=========================
Training With Custom Data
=========================
``hespi`` comes with pretrained models, trained on the dataset provided by the authors.
However, you can train your own model using your own dataset.
Annotate your images
=====================
Now you need to annotate your images. We recommend using `CVAT `_ which is a free and open-source annotation tool and exports to YOLO format.
Other annotation tools can also be used.
Use the same class names as the ones used in the pretrained models.
Split the dataset so that has training images and validation images.
The dataset should have a YAML file which looks like this for the Sheet-Component model:
.. code-block:: yaml
train: train.txt
val: valid.txt
nc: 11
names: ['small database label', 'handwritten data', 'stamp', 'annotation label', 'scale', 'swing tag', 'full database label', 'database label', 'swatch', 'institutional label', 'number']
Or like this for the Label-Field model:
.. code-block:: yaml
train: train.txt
val: valid.txt
nc: 12
names: ['genus','species','year','month','day','family','collector','authority','locality','geolocation','collector_number','infrasp taxon']
Locate pretrained model
========================
You need to get the location of the pretrained models.

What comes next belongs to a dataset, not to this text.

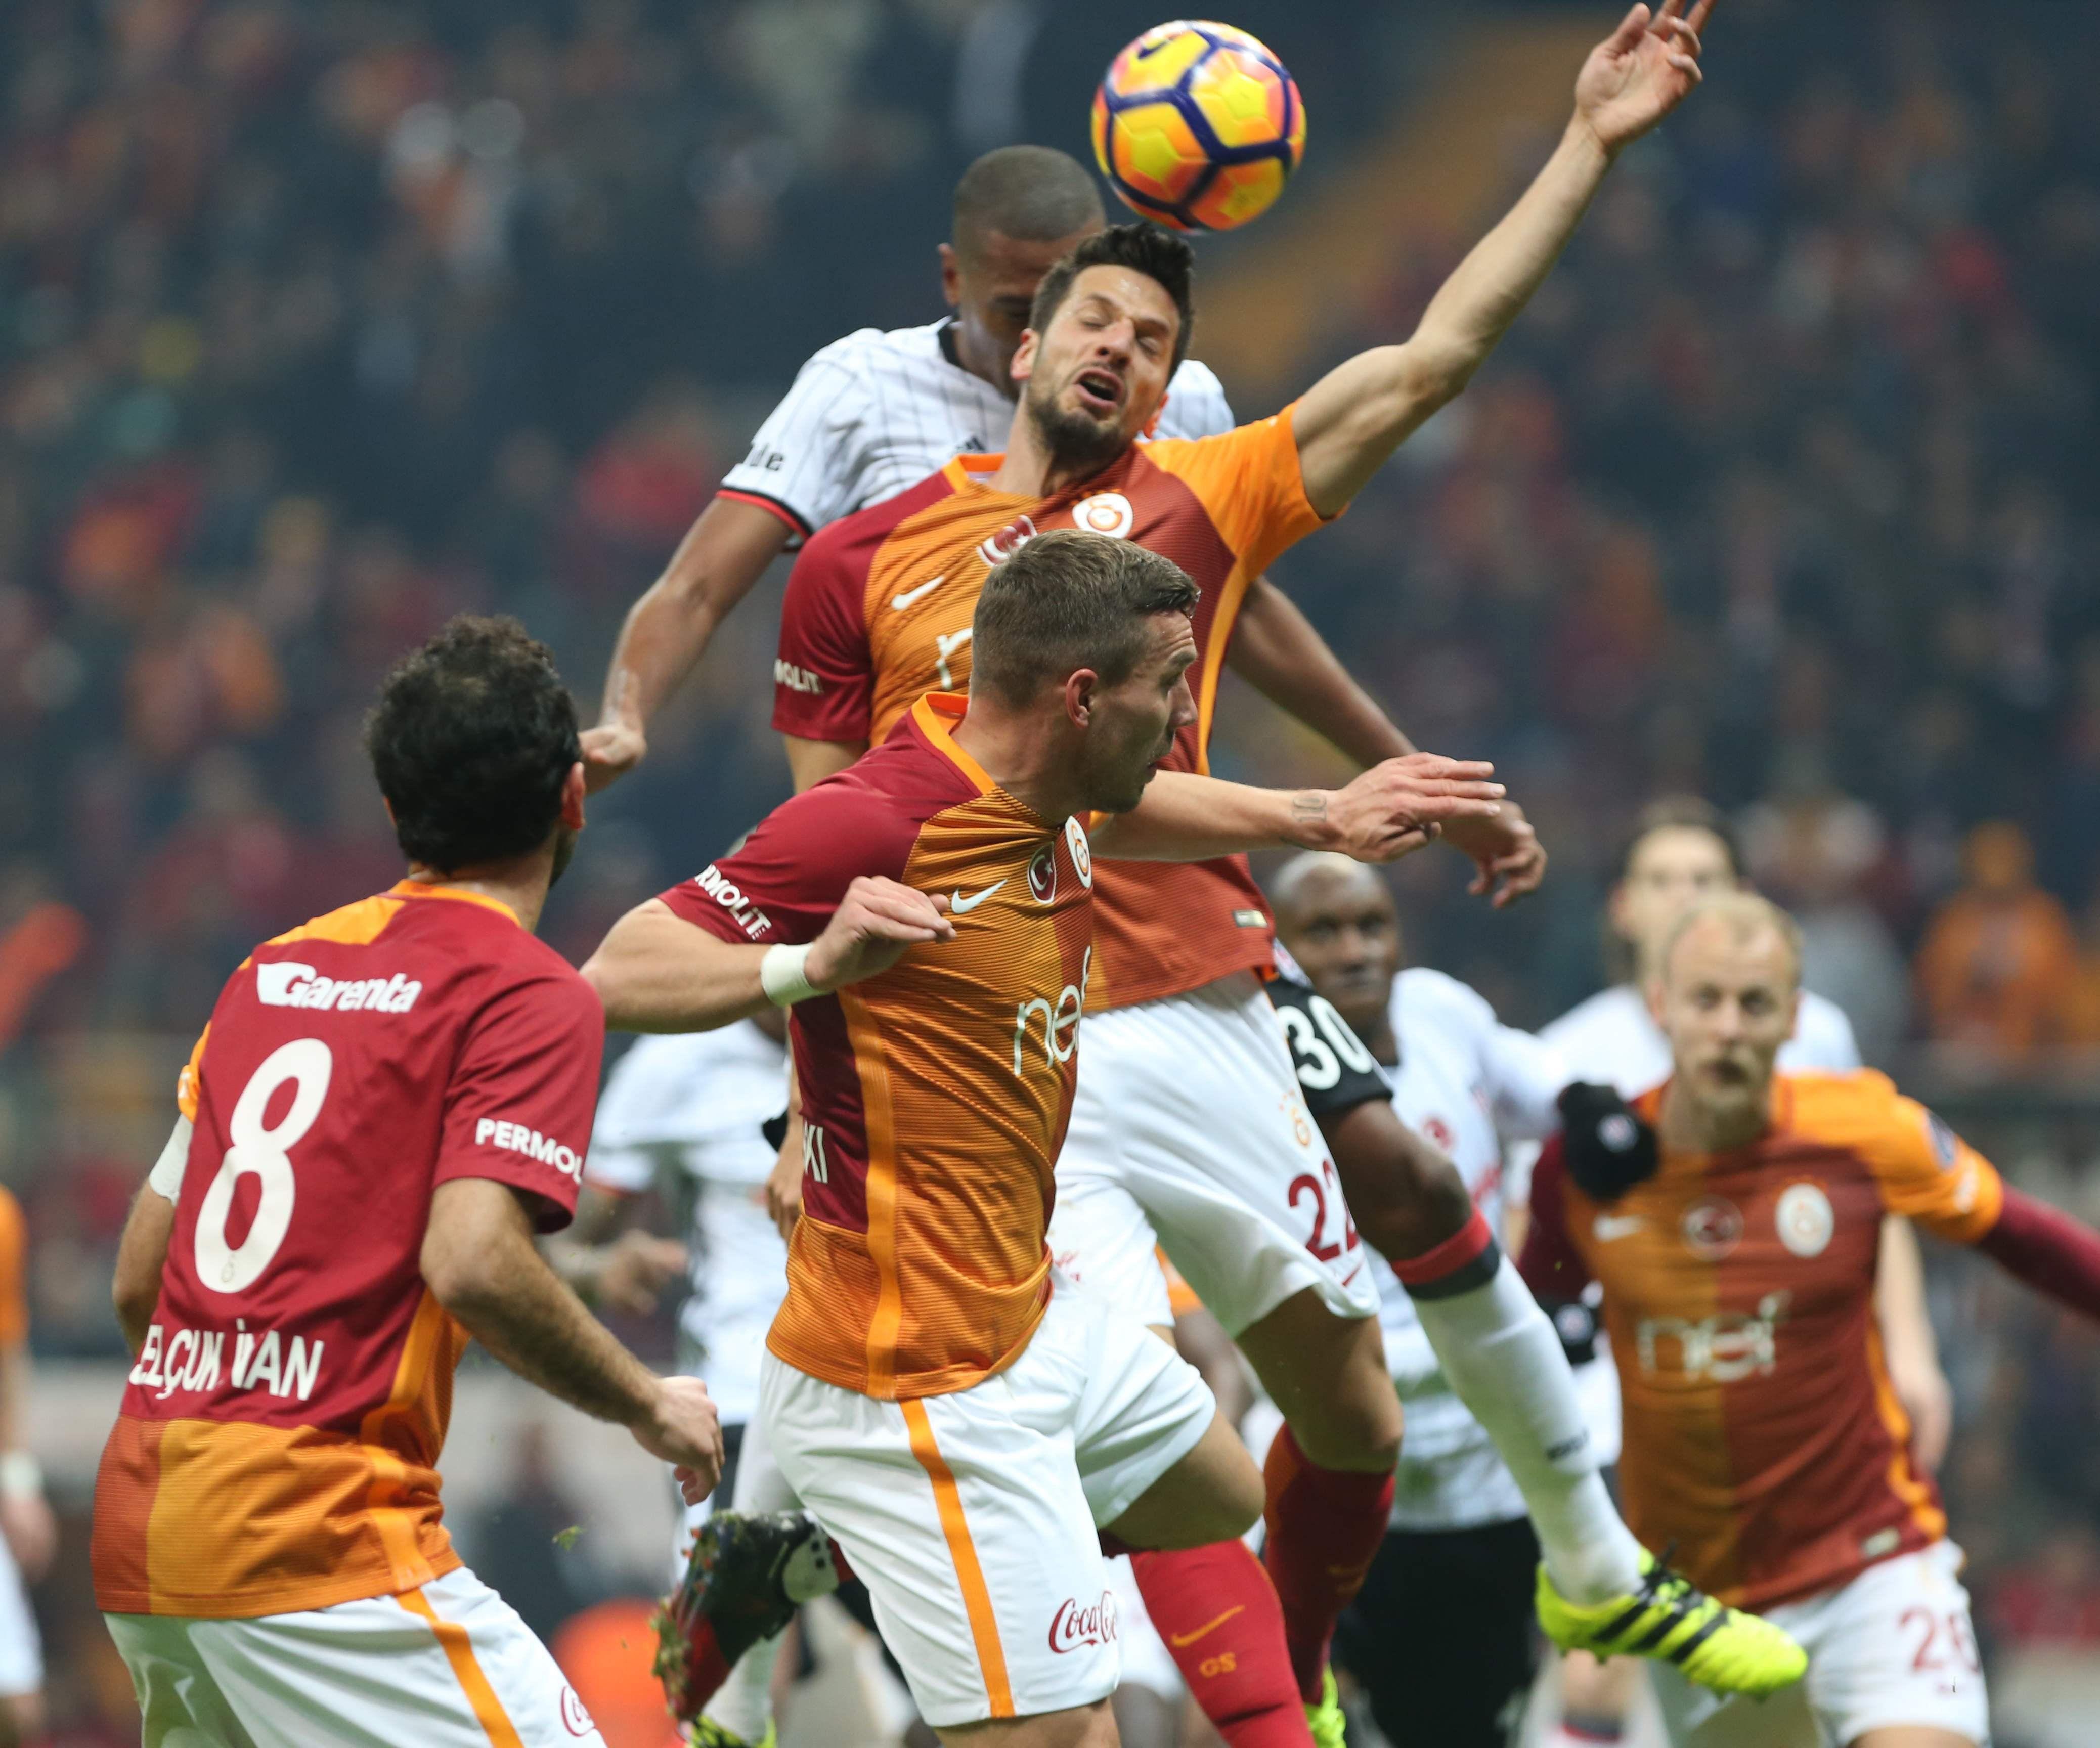 (ÖZET) Galatasaray - Beşiktaş maç sonucu: 0-1

To get the location of the ``Sheet-Component`` model, you can use the following command:
.. code-block:: bash
hespi-tools sheet-component-location
To get the location of the ``Label-Field`` model, you can use the following command:
.. code-block:: bash
hespi-tools label-field-location
Train the model
================
Now you can fine-tune the model using `YOLOv8 `_ on your using the following command:
.. code-block:: bash
yolo detect train data=${DATA} model=${MODEL} epochs=50 imgsz=640 batch=4
Repleace the ``${DATA}`` with the path to the YAML file and ``${MODEL}`` with the path to the pretrained model.
Save the location of the best weights for the trained model.
Using your model
================
Now that you've trained your model, you can use it when you use ``hespi``.
Just set the ``HESPI_SHEET_COMPONENT_WEIGHTS`` environment variable to the location of the new Sheet-Component model weights file.
Or set the ``HESPI_LABEL_FIELD_WEIGHTS`` environment variable to the location of the Label-Field weights file.
You can also use the ``--sheet-component-weights`` or ``--label-field-weights`` command line options to specify the location of the weights file when you use ``hespi`` on the command line.